Pune: DeepTek, a leading health tech startup in the Radiology AI space announced the global launch of DeepSpine – an AI powered lumbar spine quantification and metrics tool designed to analyze MRI lumbar spine images. The tool was launched at the Radiological Society of North America (RSNA) annual meeting in Chicago, USA.
DeepTek has been instrumental in transforming the radiology workflow by leveraging the power of AI. Its AI-powered radiology orchestration solution Augmento has already created waves across the Asia Pacific and is also getting deployed in a progressive Singapore health system. Another flagship product by DeepTek is Genki – the AI-powered public health screening solution helping medical professionals across India, the Philippines, Mongolia, and several other countries in the APAC region to eradicate TB by promptly and precisely identifying suspected cases, leading to earlier treatment and better patient care.
DeepTek’s innovation – DeepSpine, provides AI-powered quantification and analysis tool for lumbar spine MRI studies and can assist radiologists, technologists, orthopaedic surgeons and physio experts to get objective automated quantification and other documents of the lumbar spine, adding value to the radiology reports and decongesting the radiology workflow.
Lower back pain (LBP) affects up to 80%–85% of the population during their lifetime. It is a leading cause of morbidity and disability, with an increasing prevalence due to the steadily ageing population worldwide. According to the American College of Radiologists, lumbar spine MRI is the preferred imaging modality to rule out causes of complicated lower back pain and to decide whether conservative or invasive therapeutic approaches should be considered. Subsequently, the number of MRI studies of the lumbar spine has been rising over the last decades at a much higher rate than the number of trained radiologists who could adequately interpret the MR images.
Dr. Amit Kharat – Radiologist and Co-Founder of DeepTek, says, “The lumbar spine MRI quantification and metrics tool can derive metrics from MRI studies such as Vertebral Body Heights, Disc Bulge Classification, Foraminal Stenosis, Listhesis, Canal Stenosis and various spine angles. This can help get deep insights into treatment planning and progress monitoring. The tool can be a great value add to the ecosystem of health care workers managing low back pain”.
DeepTek (www.deeptek.ai) is among the few Radiology AI start-ups that have successfully established commercial adoption of AI technology in clinical practice–creating clear and quantifiable value for patients, hospitals, and radiologists. DeepTek’s offerings are used by over 350+ global customers across India, Japan, Singapore, Thailand, Philippines, Nigeria, Kenya, and several other countries. DeepTek’s offering touches over 60,000 lives every month.
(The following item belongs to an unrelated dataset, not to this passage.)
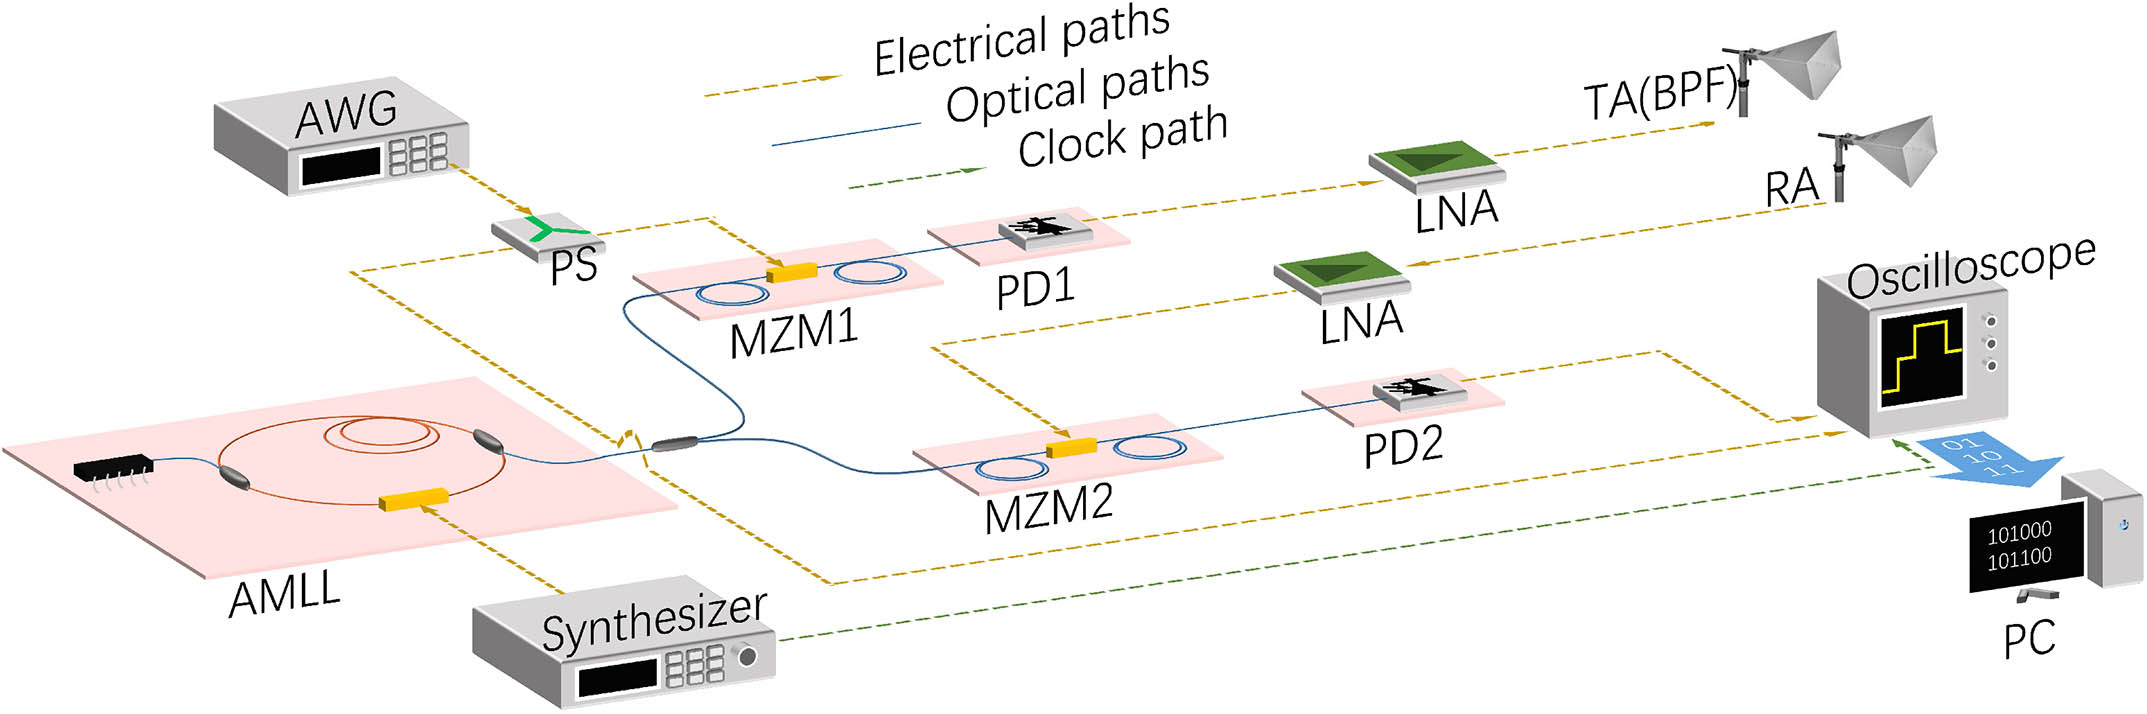 Experimental configuration of the photonics-based microwave radar. AMLL, actively mode-locked laser; AWG, arbitrary waveform generator; PS, power divider; MZM, Mach–Zehnder modulator; PD, photodetector; BPF, bandpass filter; LNA, low-noise amplifier; TA, transmitting antenna; RA, receiving antenna; PC, personal computer.

DeepTek has a team of 170+ members with a unique mix of technology experts and radiologists. It also has strategic equity investment from TATA Capital Healthcare Fund II, NTT DATA (a leading global IT innovator with a large medical imaging business in the USA), Nobori Ltd. (Japan’s leading Radiology solutions company), Doctor-Net Inc. (Japan’s largest teleradiology company) and a few other institutional investors. In a short span, the work done at DeepTek has been presented at global radiology events and resulted in research publications with more than 200+ citations. DeepTek has filed for 6 global patents and is working on a few more.
RSNA 2022 Scientific Assembly and annual meeting organized by the Radiological Society of North America (RSNA) welcomed radiologists worldwide to participate in their scientific and educational programs. RSNA is a non-profit organization with over 54,000 members from 136 countries worldwide. RSNA promotes excellence in patient care and health care delivery through education, research and technological innovation. RSNA offers patient-centred care resources to enhance your skills and empower your patients to make better-informed decisions about their health care.